Appendix F.2.4 Step C: TI Calculation
The DBC restraint should do the most work early in the TI calculation then, as the force constant is scaled out, the COM restraint should take over and keep the center of mass in a well-defined volume. TI convergence issues are most easily diagnosed by watching the MD trajectory and examining the colvar trajectories.
Symptom
The collective variable trajectory is abnormal
Causes
Strange behavior is expected if you over-write the sample outputs and attempt to run with useSampleFiles set to 1. The example above is the result of a mismatch between the coordinates used to determine the center of the COM restraint and the reference coordinates used for the DBC restraint.
Solutions
Update the reference coordinates to match those used for determining the center of the COM restraint.
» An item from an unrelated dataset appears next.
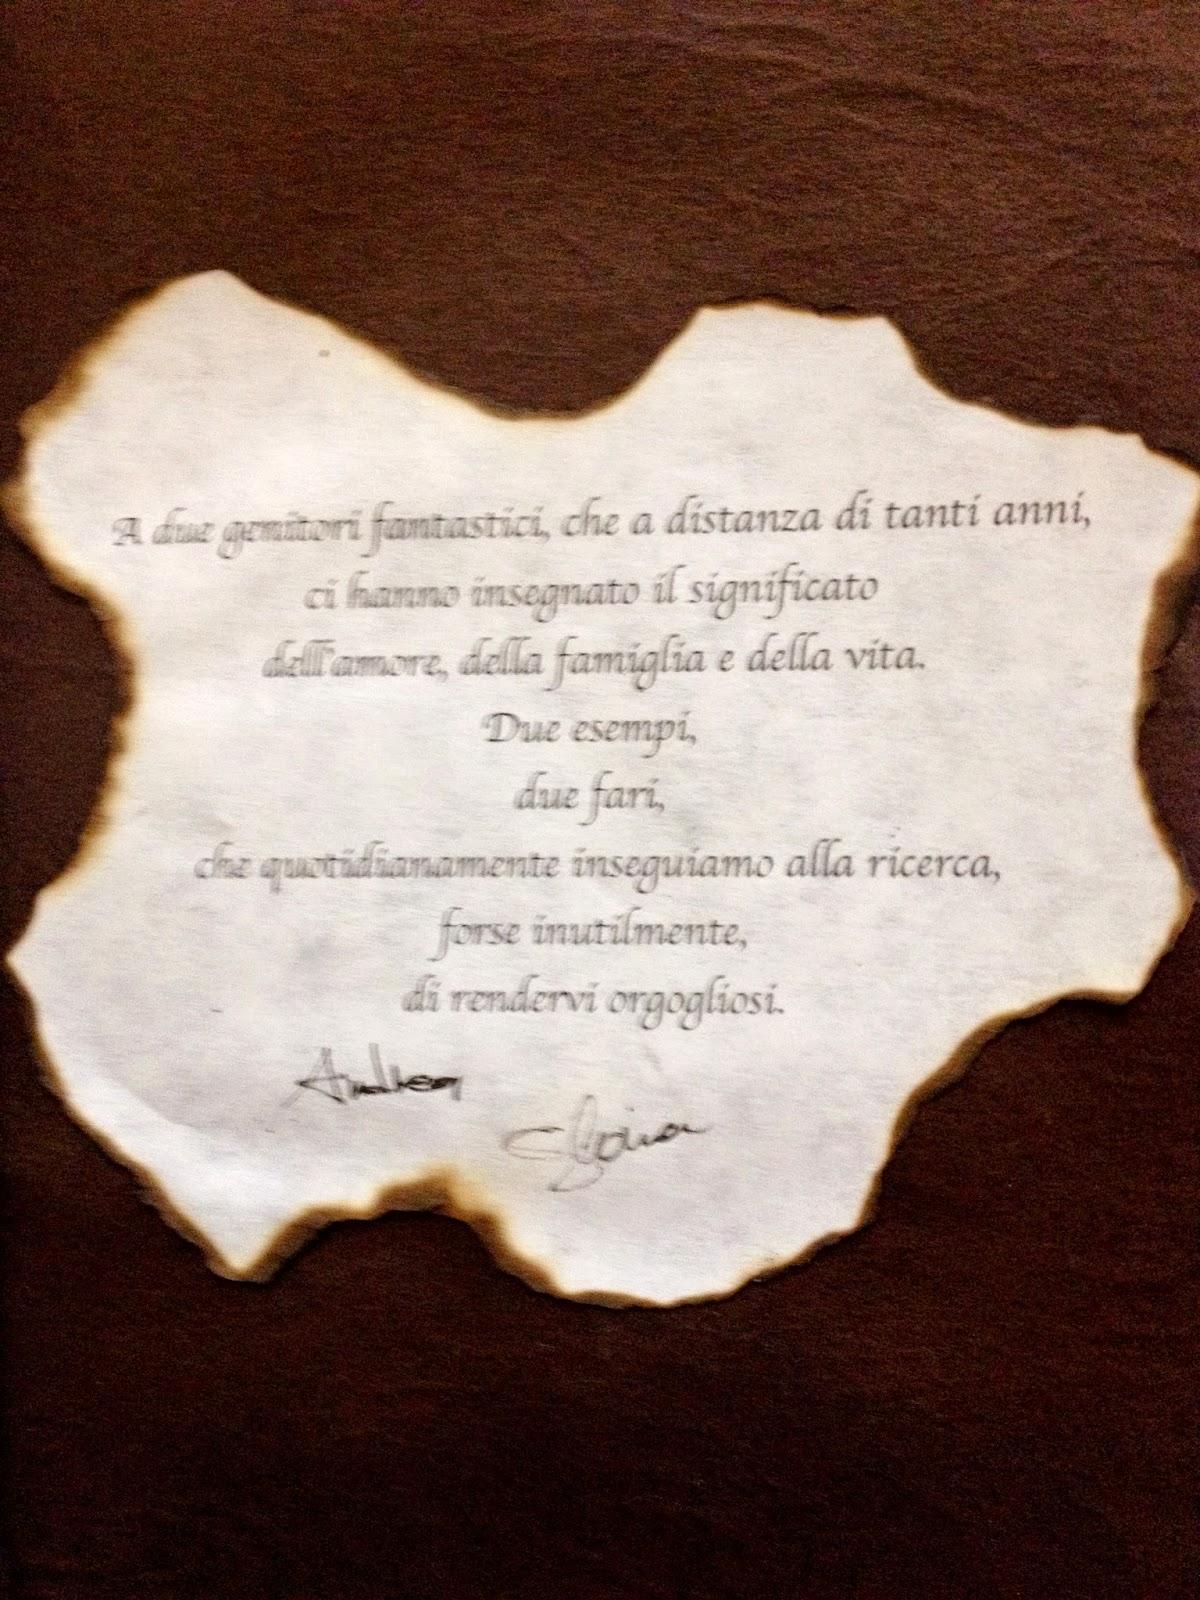 Frasi Matrimonio Libretto.Frasi Religiose Per Libretto Matrimonio

That is, revisit Step C1.b paying special attention to the coordinates used. Make sure you save your files in the correct directories.
Symptom
Restraint energies during TI are very high or very low and don’t change much
Causes
The harmonic walls are likely too stiff or too soft.
Solutions
Adjust the force constants to be between 100 (minimum) and 200.
Symptom
The ligand doesn’t move during TI (or moves very little)
Causes
The restraints are probably too narrow.
Solutions
Double check the choice of wall position and ensure that it is correct in all Colvar config files.
Symptom
The ligand flies away during TI (and the calculation doesn’t converge)
Causes
The restraints are probably too wide.
Solutions
Double check the choice of wall position and ensure that it is correct in all Colvars config files.